Another issue is still that finding the coefficients of the wavelets has proved difficult when running the wavelet program on Linux. The problem stems from the inversion of a a matrix to calculate all of the coefficients. The matrix in question is 131x512 with a rank of 131, that I convert to a 512x512 matrix by adding zeros. In windows when it inverts the matrix it probably finds the pseudo matrix so I tried the same thing in Linux by using the vnl_svd::pinverse. However, the results from using the pseudo inverse were the sae as before and Linux might have tried to use the pseudo inverse instead of trying to do the regular one when I called vnl_matrix_inverse(). Another method available was vnl_svd::solve(vnl_vector const& y) to solve a linear system, although use of this just caused a segmentation fault. To remedy the problem now I am going to finish an iterative method that uses the inner product of the point data and the wavelet functions to create the appropriate coefficients.

The following image shows the x points used in the ellipse with noise added and evenly spaced intervals in green with the wavelet fit shown in red that contains all the levels j = 0,...6. Following that image is the same display except this time the wavelet fit only contains level j = 0. As it can be seen the higher levels add greater detail at a smaller scale, while the lower levels give the overall shape of the curve.

The following is the same graph as above except that wavelets of the higher levels are filtered so that only the ones that effect the right part of the function are used and thus as can be seen only the right side has the finer detail.

The following images show the ellipse projected onto the wavelets and then projected back to see how they compare to the data. The graph shows the data in red and the wavelet version in green, and as can be seen the data and wavelets show almost the exact same locations. The first graph is the ellipse points, the second the x points, and the third the y points.

One issue that came up was that the calculations on the wavelets came up with incorrect results when I used the program on a Linux machine. The code implements classes from the VNL library like vnl/algo/vnl_matrix_inverse and vnl/vnl_matrix to complete the computations. When run on a Linux machine the results showed that the wavelets version of the data were off at the edges and when I tried to transform the y points, it gave totally incorrect results like as follows with the data in green and the wavelet fit in red.

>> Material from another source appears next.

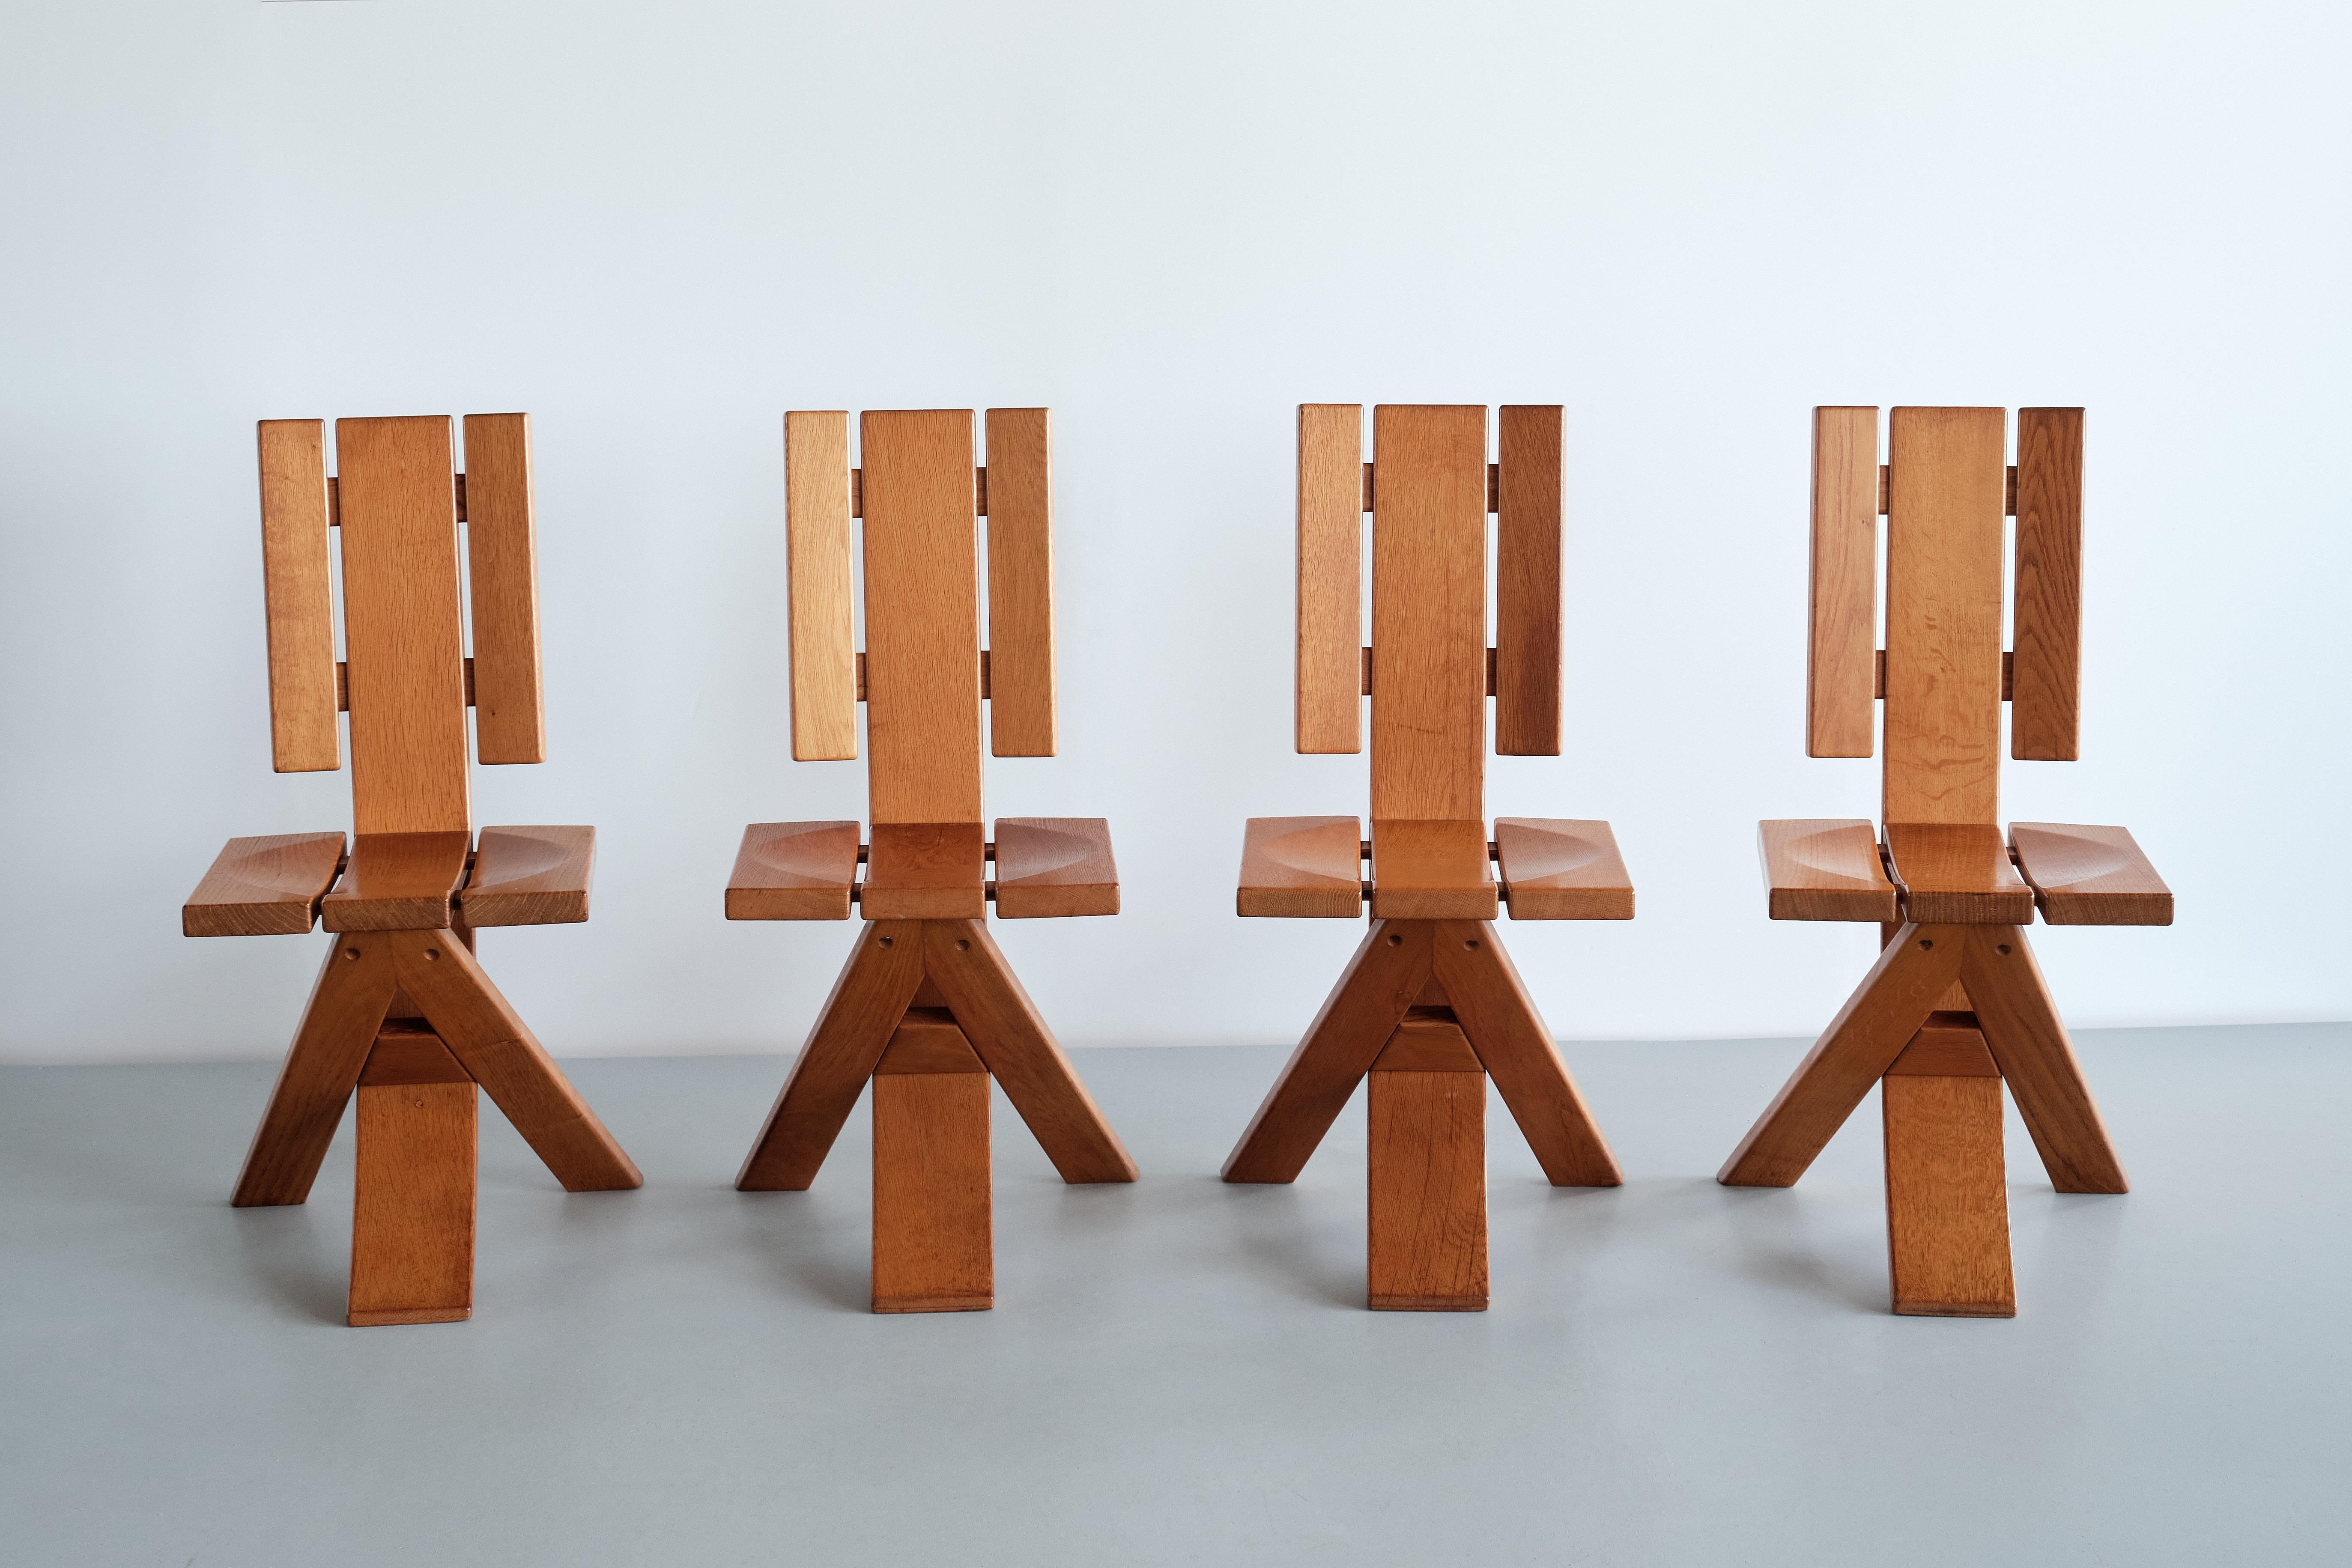 Ce remarquable ensemble de quatre chaises de salle à manger a été produit par le fabricant français Ebénisterie Seltz dans les années 1970. Le design est réalisé en chêne massif. Les lignes dynamiques et contrastées du piètement à trois pieds

The above graph represents all the points currently used at the start of the registration process. The points create an elliptical shape. To transform the points using wavelets, the x and y values were separated as shown in the following graphs.

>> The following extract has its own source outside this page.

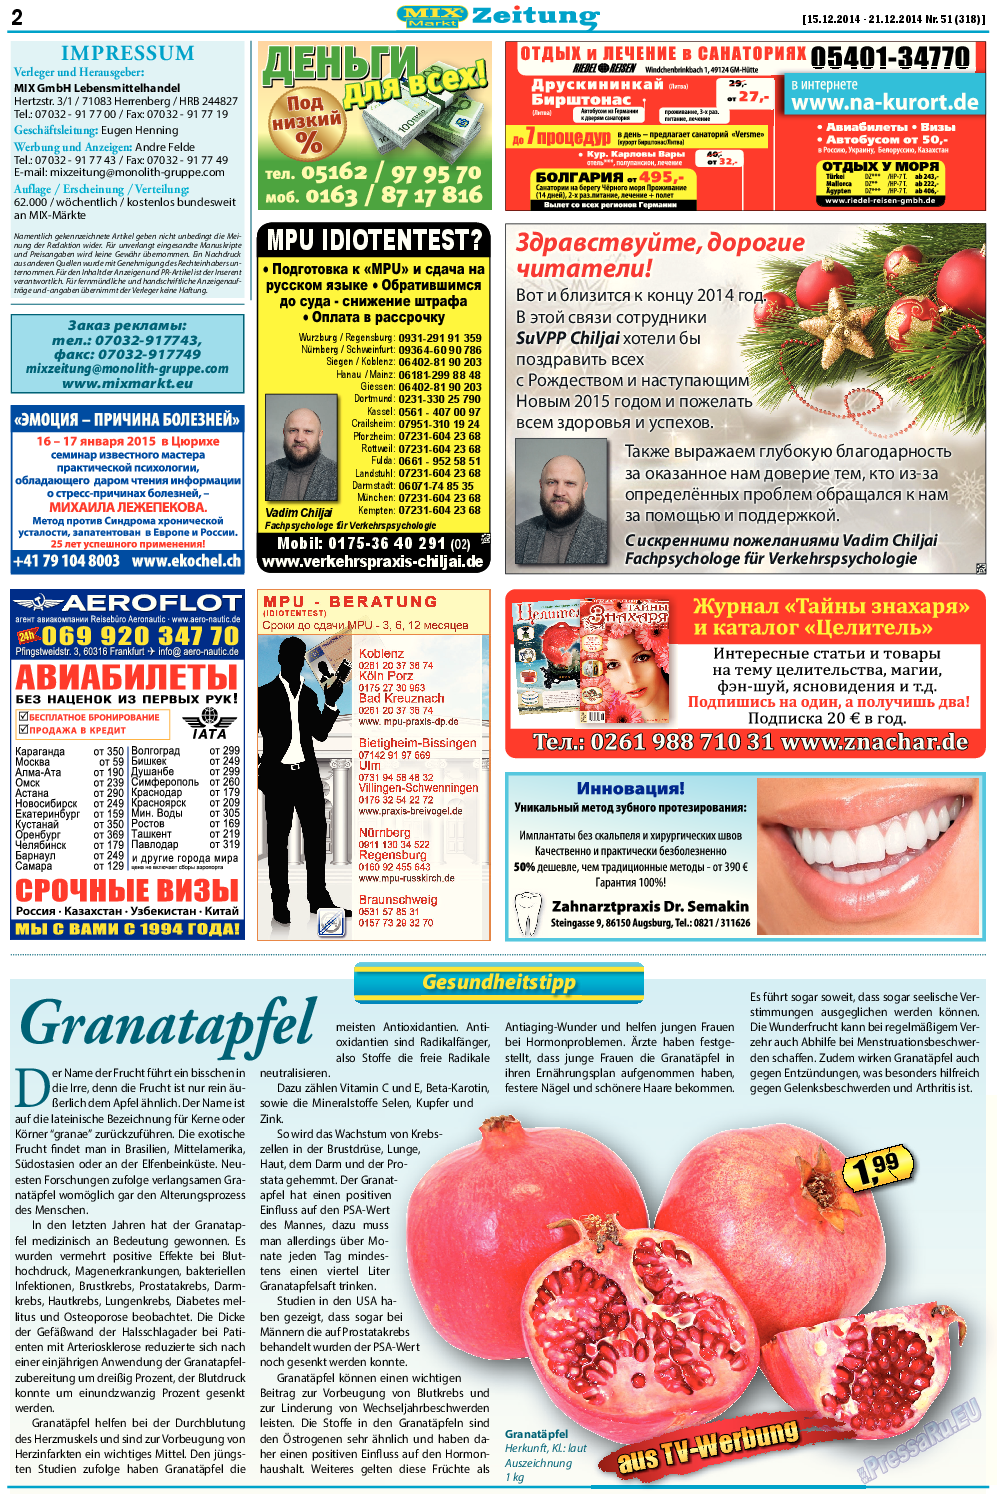 MIX-Markt Zeitung, газета. 2014 №51 стр.2

Then Cubic B-Spline wavelets are created with j = 0,...,6, where j is the number of intervals. Scaling functions for j = 0 where also created. Then the scaling functions and wavelets were all put into a matrix by evaluating the function along the interval at 512 points for each wavelet or scaling function and storing those values along the rows. Then that matrix was multiplied by the actual function needing to be transformed, in this case the x or y values that made up 512 points, the result was a vector of coefficients that could be used to recreate the data by multiplying the scaling and wavelet matrix by the coefficient vector. The following graphs illustrate the results where the one on the left represents the x points and the one on the right represents the projection that resulted from the data being projected onto the wavelets.